A COMPARATIVE STUDY OF HYPERON EQUATIONS OF STATE IN SUPERNOVA SIMULATIONS

A comparative study of the. hyperon equations of state of Banik, Hempel and Banyopadhyay (BHB), Banik et al., and Shen et al. (denoted as HShen Lambda) for core-collapse supernova (CCSN) simulations is carried out in this work. The dynamical evolution of a protoneutron star (PNS) into a black hole is investigated in CCSN simulations in the general relativistic one-dimensional code using the BHB Lambda phi and HShen Lambda equation of state (EOS) tables and different progenitor models from Woosley & Heger.
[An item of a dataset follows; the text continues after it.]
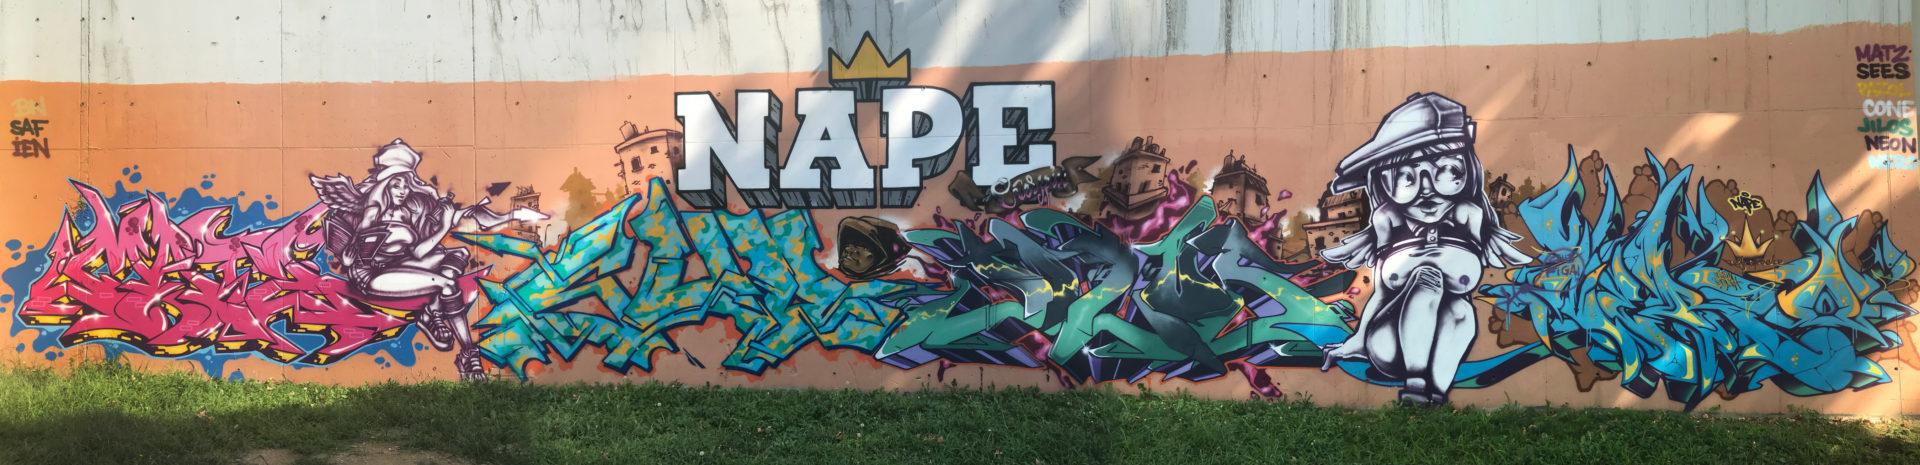 Matz + Sees + Pazol + Cone + Jilos + Neon + Nero

Radial profiles of the mass fractions of baryons, the density, as well as the temperature in the PNS at different moments in time, are compared for both EOS tables. The behavior of the central density of the PNS with time is demonstrated for these two Lambda hyperon EOS tables and compared with their corresponding nuclear EOS tables. It is observed that the black hole formation time is higher in the BHB Lambda phi case than in the HShen Lambda EOS case for the entire set of progenitor models adopted here, because the repulsive Lambda-Lambda interaction makes the BHB Lambda phi EOS stiffer. Neutrino emission with the Lambda hyperon EOS ceases earlier than that of its nuclear counterpart. The long-duration evolution of the shock radius and the gravitational mass of the PNS after a successful supernova explosion with enhanced neutrino heating are studied with the BHB Lambda phi EOS and s20WH07 progenitor model. The PNS is found to remain stable for 4 s and might evolve into a cold neutron star.